From the scores above, despite the high train accuracy score, we can tell that the model is highly over-fitted from the negative r<sup>2</sup> score and large testing RMSE score. 

#### Lasso Regression 

In [21]:
lasso_cv.fit(X_train_sc, y_train)

In [22]:
# getting the optimal value of alpha from lasso cv 
lasso_a = lasso_cv.alpha_
lasso_a

328.3057478754679

In [23]:
lasso = Lasso(alpha = lasso_a)
lasso.fit(X_train_sc, y_train)

In [24]:
model_scores(lasso, 'Lasso regression', X_train_sc, X_test_sc, y_train, y_test)

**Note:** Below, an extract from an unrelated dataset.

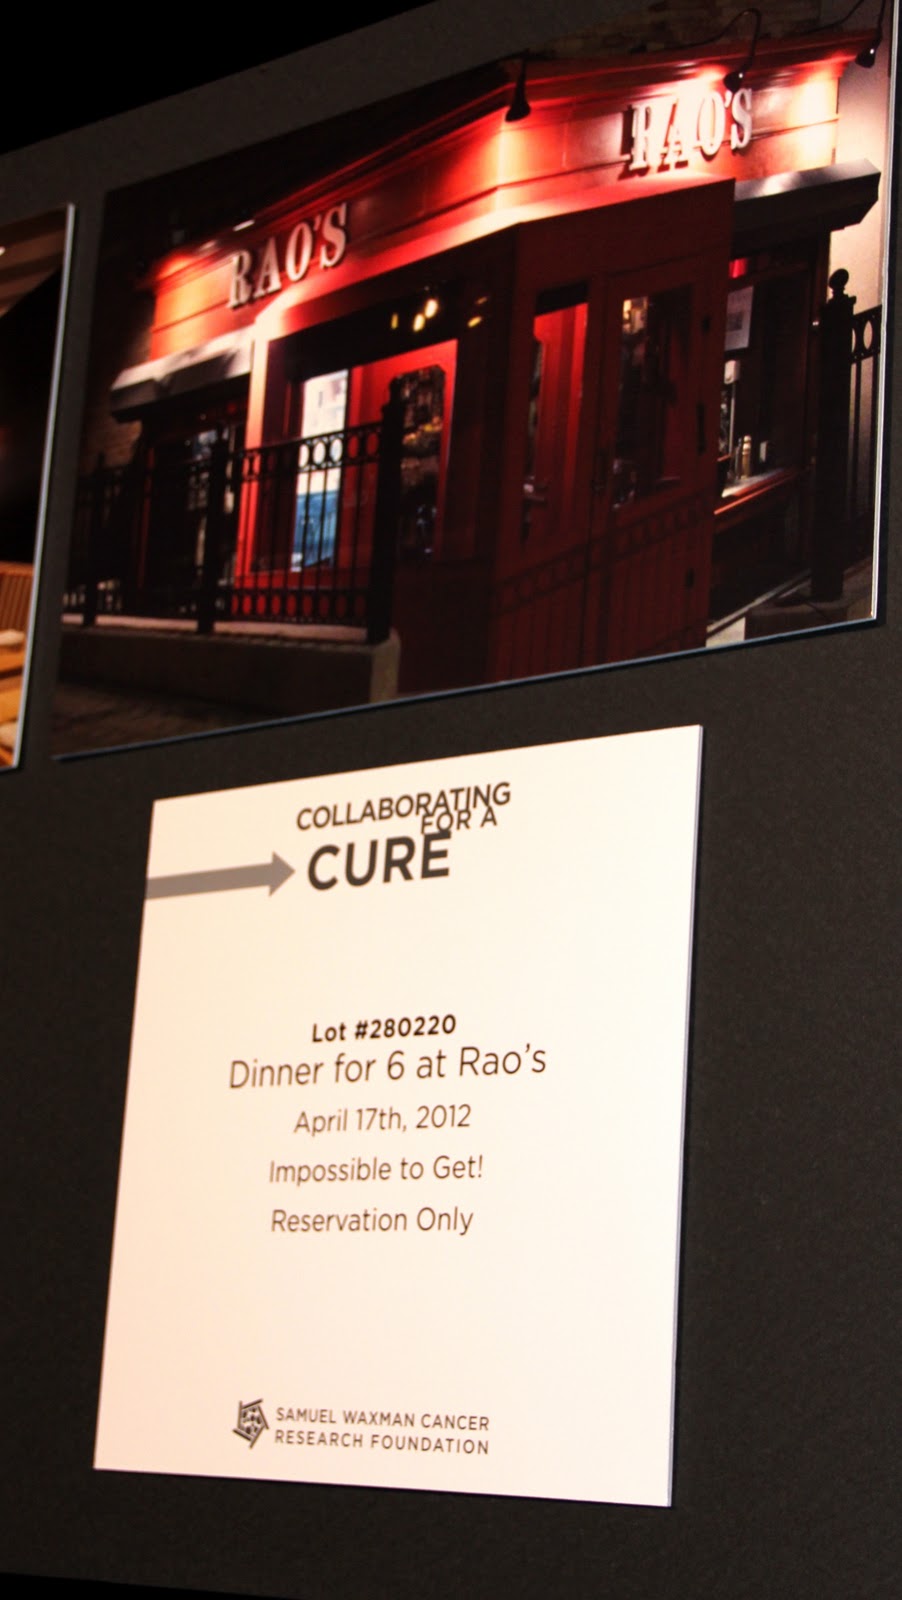 19TH ANNUAL COLLABORATING FOR A CURE DINNER AND AUCTION

Model Scores for Lasso regression:

r^2 score: 0.9041296963596919
Train accuracy score: 0.9247432934381704
Test accuracy score: 0.9144722880883185
Training RMSE : 21882.51442693321
Testing RMSE : 22586.986613515193



From the scores above, the r<sup>2</sup> has increased slightly and the RMSE score has decreased. We can also observe that the lasso model is slightly overfitted but it definitely has better results lassoCV model and the linear regression model above. 

#### Ridge Regression

In [25]:
ridge_cv.fit(X_train_sc, y_train)

In [26]:
# getting the optimal value of alpha from ridge cv 
ridge_a = ridge_cv.alpha_
ridge_a

163.8181818181818

In [27]:
ridge = Ridge(alpha = ridge_a)
ridge.fit(X_train_sc, y_train)

In [28]:
model_scores(ridge, 'Ridge Regression', X_train_sc, X_test_sc, y_train, y_test)

Model Scores for Ridge Regression:

r^2 score: 0.9019475619672189
Train accuracy score: 0.9256428722847146
Test accuracy score: 0.914583943451902
Training RMSE : 21751.335237821797
Testing RMSE : 22572.238283528517



From the scores above, the r<sup>2</sup> has decreased slightly and the RMSE score has decreased too. We can also observe that the ridge model is slightly overfitted.

Comparing the lasso and ridge models, the lasso model has a better r<sup>2</sup> score, while the ridge model has better RMSE score.

#### ElasticNet Regression

In [29]:
enet_cv = ElasticNetCV(alphas = np.linspace(0.5, 1, 100), cv = 5)
enet_cv.fit(X_train_sc, y_train)

In [30]:
# getting the optimal value of alpha from elasticnet cv 
enet_a = enet_cv.alpha_
enet_a

0.5

In [31]:
enet = ElasticNet(alpha = enet_a)
enet.fit(X_train_sc, y_train)

In [32]:
model_scores(enet, 'ElasticNet Regression', X_train_sc, X_test_sc, y_train, y_test)

Model Scores for ElasticNet Regression:

r^2 score: 0.9013047000459462
Train accuracy score: 0.9210051294645254
Test accuracy score: 0.9105682346637366
Training RMSE : 22419.40410189203
Testing RMSE : 23096.744461893126



From the scores above, the r<sup>2</sup> has decreased slightly and the RMSE score has decreased too. We can also observe that the ridge model is slightly overfitted.

Comparing the Lasso, Ridge and ElasticNet models, ElasticNet and Ridge have similar r<sup>2</sup> scores while the RMSE of ElasticNet is worse off than both Lasso and Ridge. 

## Model Selection Summary

|Model|r<sup>2</sup> score|Train score|Test score|Train RMSE|Test RMSE|
|---|---|---|---|---|---|
|Linear Regression|-6.3281e+19|0.9290|-1.4666|21248|2957743506330492|
|Lasso Regression|0.9041|0.9247|0.9145|21883|22586|
|Ridge Regression|0.9019|0.9256|0.9146|21751|22572|
|ElasticNet Regression|0.9013|0.9210|0.9101|22419|23097|

From the summary table above, 
1. The closer to 1 the r<sup>2</sup> value is, the better fit and less error it implies. Lasso Regression has the best r<sup>2</sup> score, followed by Ridge Regression and ElasticNet Regression.
2. The train & test scores for Lasso, Ridge and ElasticNet Regression are almost similar. 
3. Looking at the test root mean squared error values, Ridge regression has the lowest RMSE followed closely by Lasso regression and then ElasticNet regression. 
<br><br>
Since the values between Lasso and Ridge regression are so close, we shall submit both predicted datasets to kaggle, to see which produces the best RMSE score.